For all those upset about a split BMQ thru Christmas, all I have to say to that is SUCK IT UP!!.  With the amount of courses being pushed thru the system right now the CF needs to run them wherever they can. If your Christmas plans consist of getting tanked and stuffing your face for weeks, then when you return and cant keep up, you have no one to blame but yourselves, you need to get your priorities straight, I think a couple weeks at home having time off will be a bigger test for you than 10 weeks without your family. Its all about priorities, If you think that split courses suck wait till you you go on tour for months without family and you dont get to go home for Christmas, and you can only contact family 10 min a week by phone if your lucky, you will look back on your split BMQ course and think to yourself "it was'nt that bad"
Not to mention you all  speack of trying so hard and it taking so long to get in the CF, I would think that you would not want to jeopardize your chances.
Now that I stated my peice remember above all "SOLDIER ON!!"


----------



## ab136 (20 Sep 2005)

Hey cool the jets Grayman ;D  The only one talkin' like _that _is someone who apparently isn't going to be in that BMQ


----------



## bonitabelle (20 Sep 2005)

Personally, I am glad that there is a break at Christmas.  My kids are glad that I'll be able to get home to see them, and I think from their perspective, they will need to see that I am ok.  As far as gaining weight and everything, we'll just all have to use a little will-power and not pig-out all the time.  It should work........I think....maybe.  

Bonnie


----------



## ab136 (16 Oct 2005)

Well time is ticking down.

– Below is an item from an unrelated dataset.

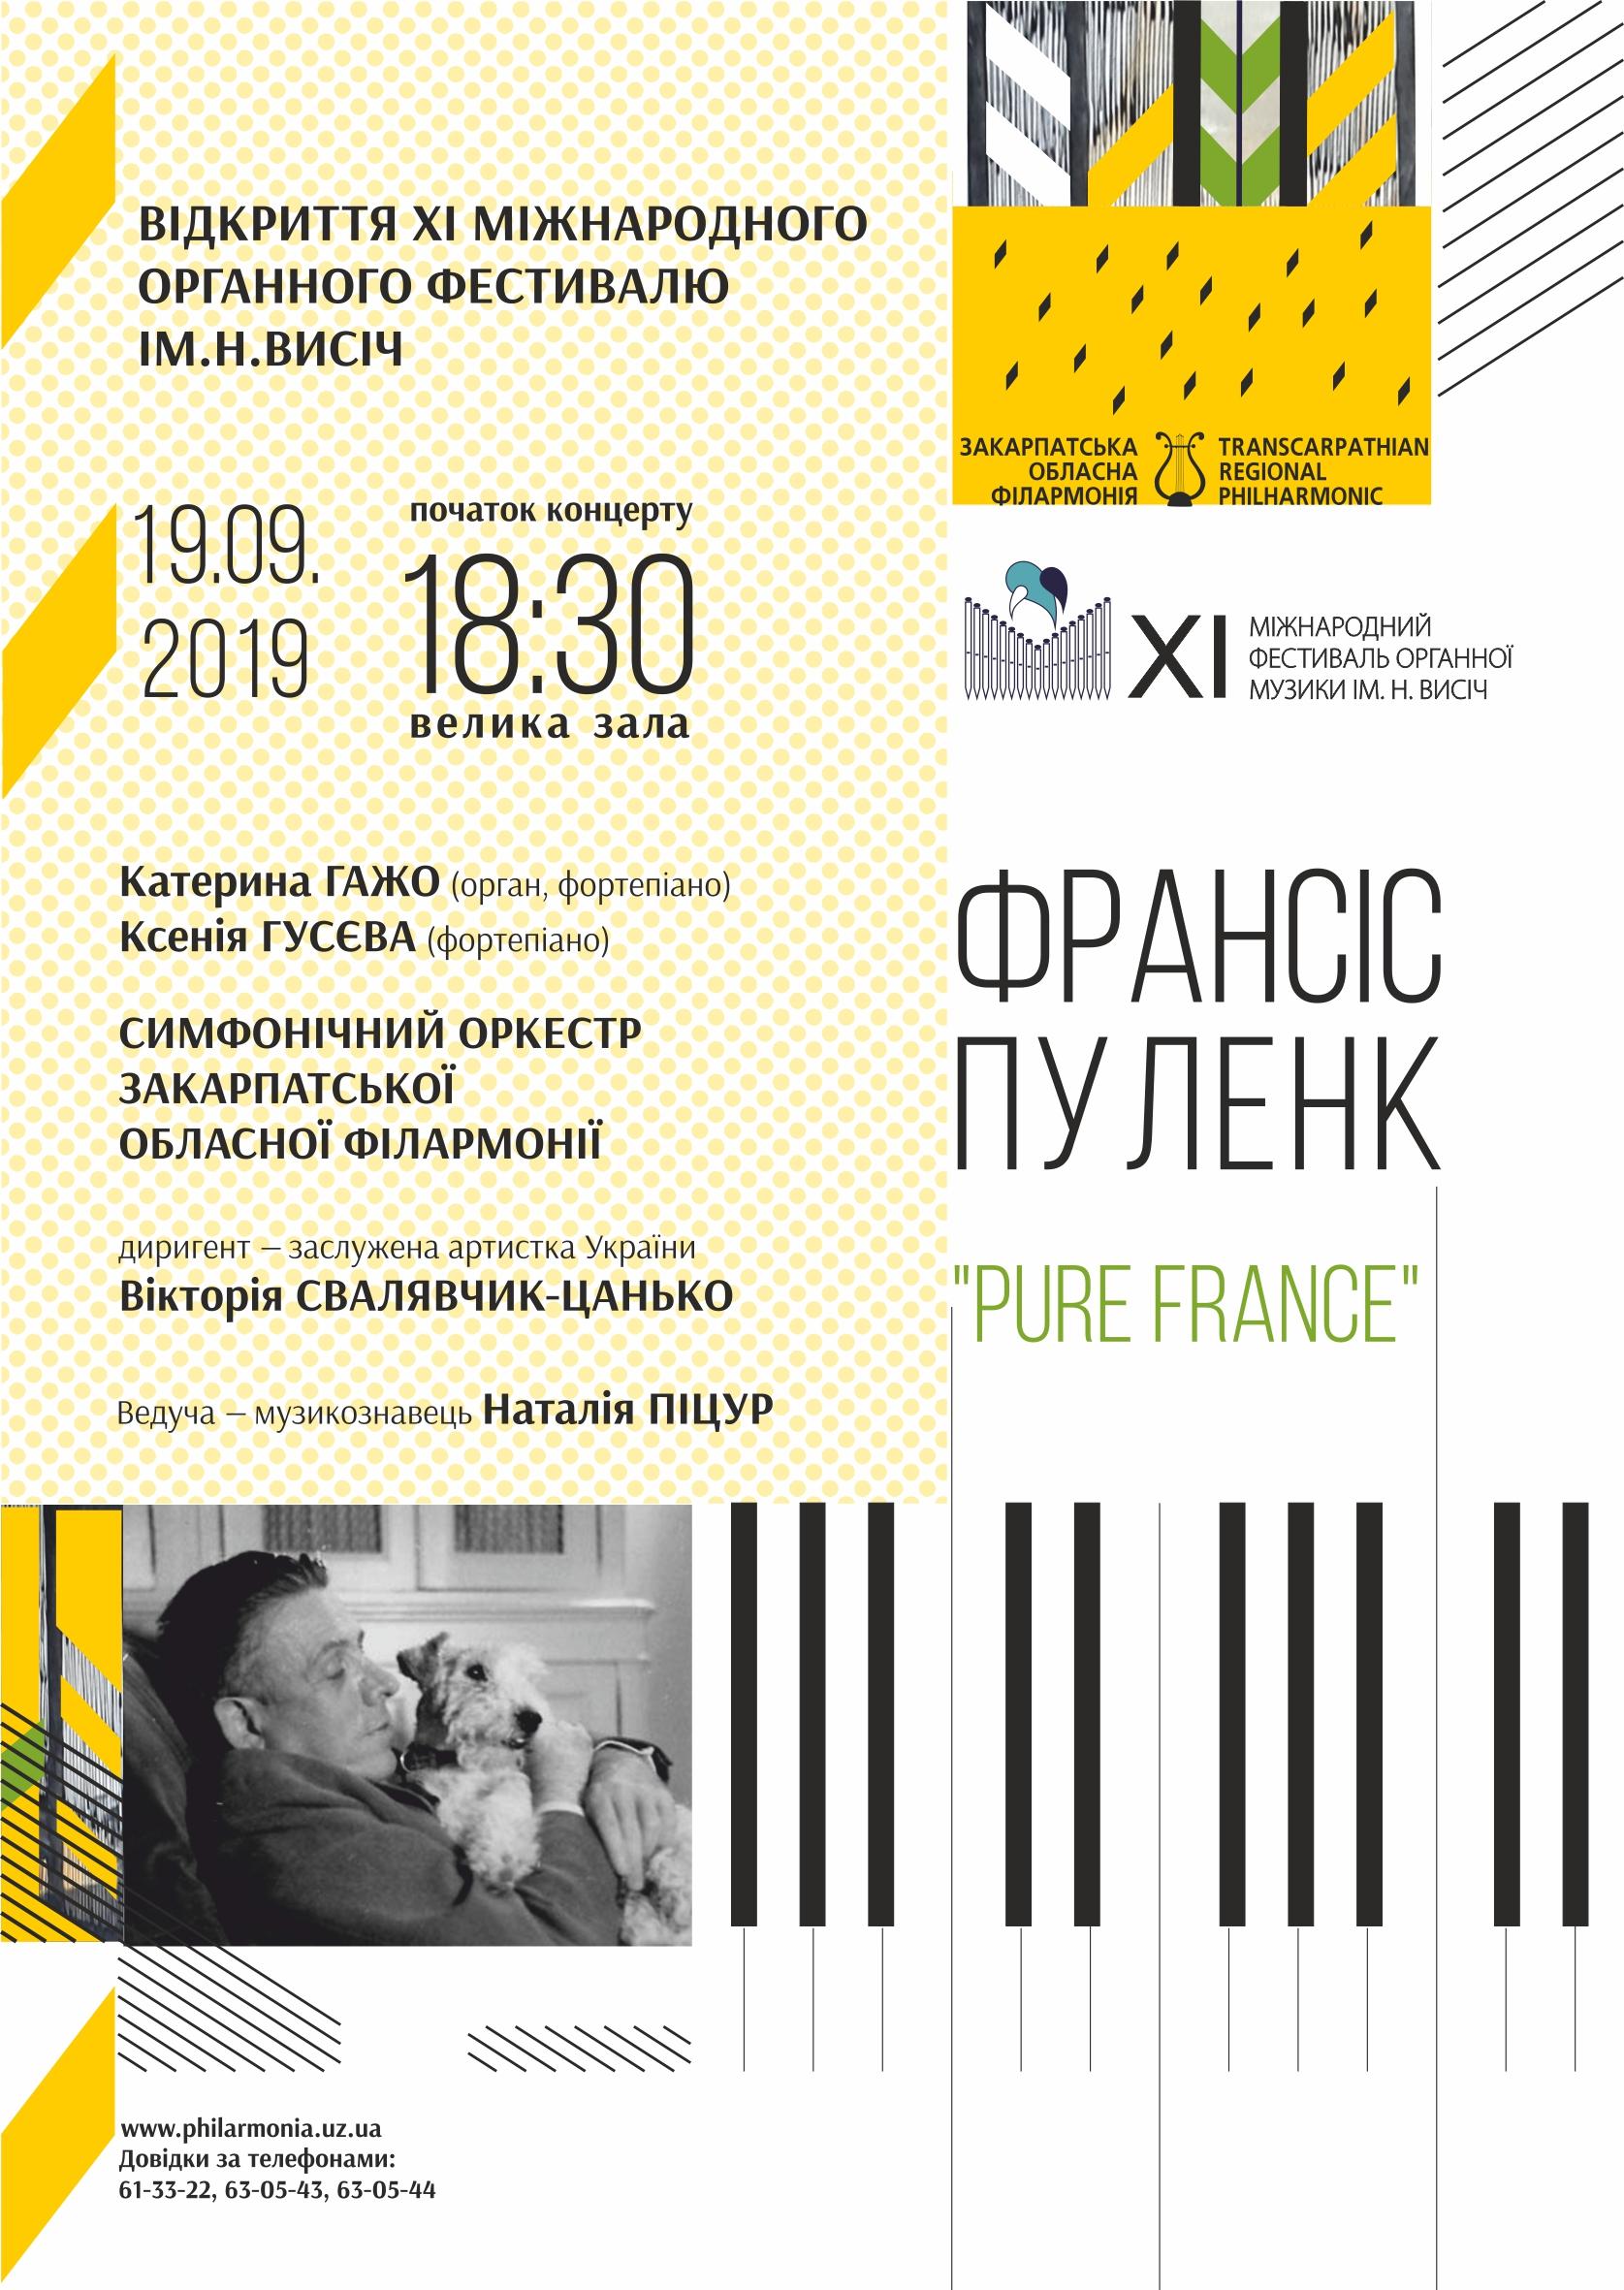 73-й концертний сезон Закарпатська обласна філармонія відкриє органним фестивалем

Is everyone ready? How are the nerves? The next week is going to go by so fast it's gonna seem like a minute. I'm starting to get a little nervous....or anxious to get it started. Still training but wondering if it's going to be enough?!? I'm sure I will be rambling on as the week goes by so I beg for forgiveness now ???


----------



## Old Ranger (17 Oct 2005)

l8joiner said:
			
		

> As far as gaining weight and everything, we'll just all have to use a little will-power and not pig-out all the time.   It should work........I think....maybe.
> Bonnie



There will be little voices still in your head...."No, not more bread!"


----------



## LittlePammy (17 Oct 2005)

Hi ab136
I am as ready as I am ever going to be.   Everything is packed, just a matter of remembering to cancel all the little things (phone, internet ect) Clean out the fridge and unplug everything.  lol   Just trying to fit in visiting with all of my friends to say goodbye, that is the tough part.   How about yourself, are you ready?

P


----------



## bonitabelle (17 Oct 2005)

Hey ab136 and LittlePammy!  I getting ready slowly but surely.  As long as I can find enough room to pack everything and finish getting the little things, I will be ready by, say Friday night.  I'm with you ab136, I'm a little nervous, anxious and excited. 

Bonnie


----------



## Phoneman (17 Oct 2005)

My bags are packed and I'm ready to go. Just have some odds and ends to tie up. (Clean garage, winterize house).

Very anxious. The week is going by fast already. I'll see everyone there. ;D


----------



## LittlePammy (18 Oct 2005)

Yes this week is just flying by.  
See you there Phoneman!

P


----------